What happened at 6116 Executive Blvd in Rockville, MD is that the big fat
Federal client moved even farther outside the beltway to new digs in
Gaithersburg, Maryland (to another, newer office complex.)

New place is one of those "faux green" buildings where everything like the
light switches, blinds, faucets and toilets don't work intuitively if they
even work at all. They have to mow the roof so at least you can feel Eco-
conscious as you flush 3 times.

Old place was close to Whole Foods and walkable to the metro(subway). New
place is close to Subway(sandwich shop).

If the Washington Press wants to bemoan the old office space situation at NIH
(National Institutes of Health), then they should ask about having NIH tear
down the fortified walls they built around their beautiful Bethesda campus
because of "9-11 terrorist threats". The old NIH used to look like a friendly
college campus. Now it looks like a gated community with TSA style security
theater.

------
pappyo
I see this as a buy low opportunity for those that could afford such a thing.
Let me paint a picture of the future:

\- In five to ten years, 20 and 30 somethings of today who have mostly flocked
to metropolitan areas don't leave when they are at the age of starting a
family. The lack of space is still trumped by the a near zero commute and the
cultural landscape that surrounds them.

\- Right around that time, self-driving car services (Uber sans drivers) have
started making serious headway in metropolitan areas. Traffic within the
cities have drastically reduced due to less cars on the road and less need for
parking. (So that cab ride across town that once took 35 minutes, now takes
nine).

\- With the reduction in traffic, corporations never changing urn to save a
buck, and the next crop of 20 and 30 somethings that want to create their own
identity, businesses start snatching up these industrial park cemetaries. More
space, less money, room to grow. They no longer have to worry about employee
parking. The commute out to the building is only 15 minutes (where it used to
be a full hour +). AND YOU GET YOUR OWN OFFICE!!!!
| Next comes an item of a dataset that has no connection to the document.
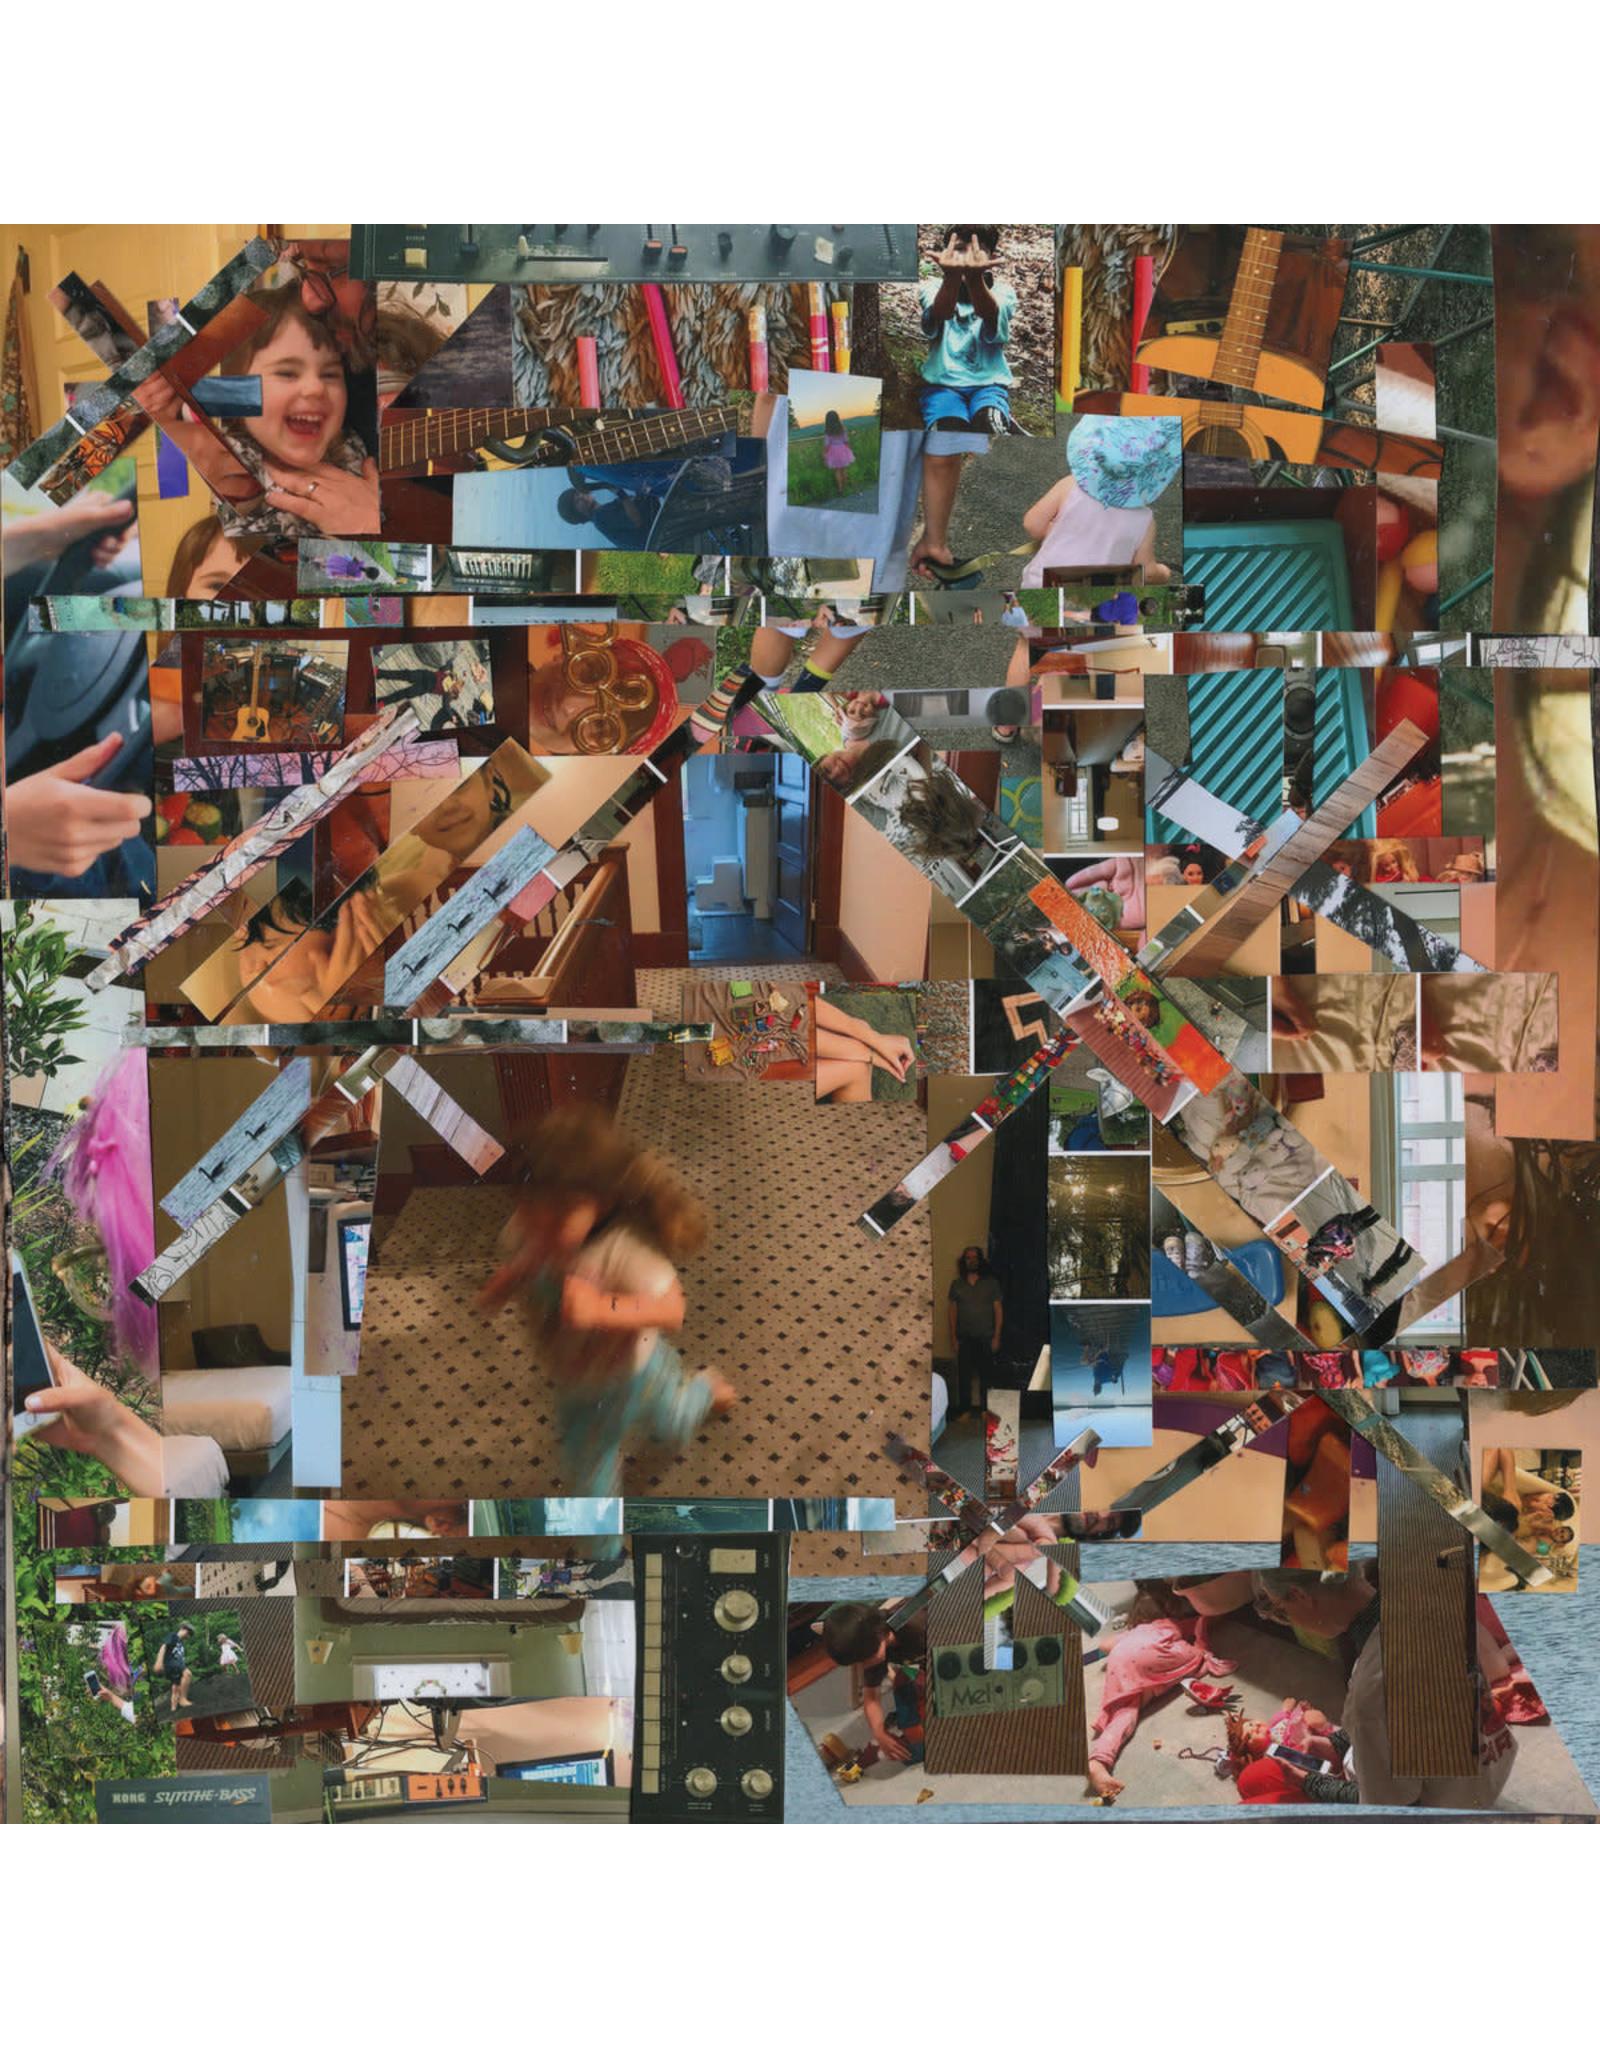 Barlow, Lou - Reason To Live LP (Baby Blue Vinyl)

In a sea of community work spaces, "YOUR OWN OFFICE" is the shiney fish.

\- And of course, once one business successfully implements this strategy, the
rest of sure to follow.

Brass tacks, these office parks are dying because of increasing traffic and
fuel costs...and that's really it. If we do wind up living in a world where
people don't own cars and the self-driving car startups of today eliminate
tomorrow's traffic, no doubt these cemeteries will see a second coming. If I
had the funds, I'd wait for the industrial park real estate market to bottom
and then start snatching up property.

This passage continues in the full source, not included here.